I have a relatively large (as in >10^6 entries) table called "things" which represent locateable objects, e.g. countries, areas, cities, streets, etc. They are used as a tree of objects with a fixed depth, so the table structure looks like this:
id
name
type
continent_id
country_id
city_id
area_id
street_id
etc.
The association inside "things" is 1:n, i.e. a street or area always belongs to a defined city and country (not two or none); the column city_id for example contains the id of the "city" thing for all the objects which are inside that city. The "type" column contains the type of thing (Street, City, etc) as a string.
This table is referenced in another table "actions" as "thing_id". I am trying to generate a table of action location statistics showing the number of active and inactive actions a given location has.
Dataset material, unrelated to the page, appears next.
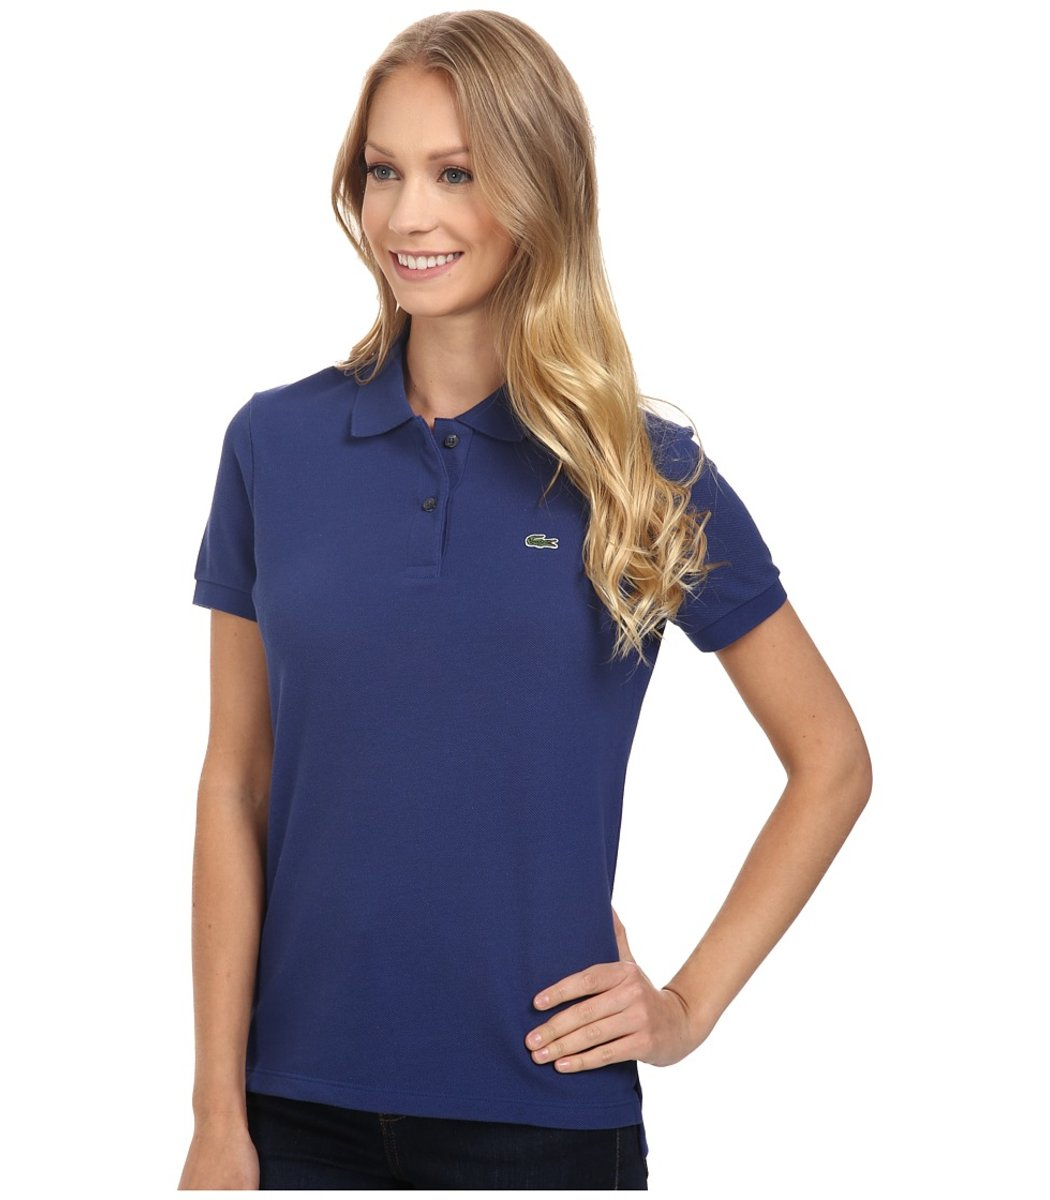 Женская темно-синяя футболка поло Lacoste

A simple JOIN like
SELECT count(nullif(actions.active, 1)) AS icount, count(nullif(actions.active, 0)) AS acount, things.name AS name, things.id AS thing_id, things.city_id AS city_id FROM "actions" LEFT JOIN things ON actions.thing_id = things.id WHERE UPPER(substring(things.name, 1, 1)) = UPPER('A') AND actions.datetime_at BETWEEN '2012-09-26 19:52:14' AND '2012-10-26 22:00:00' GROUP BY things.name, things.id ORDER BY things.name
will give me a list of "things" (starting with 'A') which have actions associated with them and their active and inactive count like this:
icount | acount | name | thing_id | city_id
------------------------------------------------------------------
0 5 Brooklyn, New York City | 25 | 23
1 0 Manhattan, New York City | 24 | 23
3 2 New York City | 23 | 23
Now I would like to
- only consider "city" things (that's easy: filter by type in "things"), and
- in the active/inactive counts, use the sum of all actions happening in this city - regardless of whether the action is associated with the city itself or something inside the city (= having the same city_id). With the same dataset as above, the new query should result in
icount | acount | name | thing_id | city_id ------------------------------------------------------------------ 4 7 New York City | 23 | 23
I do not need the thing_id in this table (since it would not be unique anyway), but since I do need the city's name (for display), it is probably just as easy to also output the ID, then I don't have to change as much in my code.
How would I have to modify the above query to achieve this? I'd like to avoid additional trips to the database, and advanced SQL features such as procedures, triggers, views and temporary tables, if possible.
I'm using Postgres 8.3 with Ruby 1.9.3 on Rails 3.0.14 (on Mac OS X 10.7.4).
Thank you! :)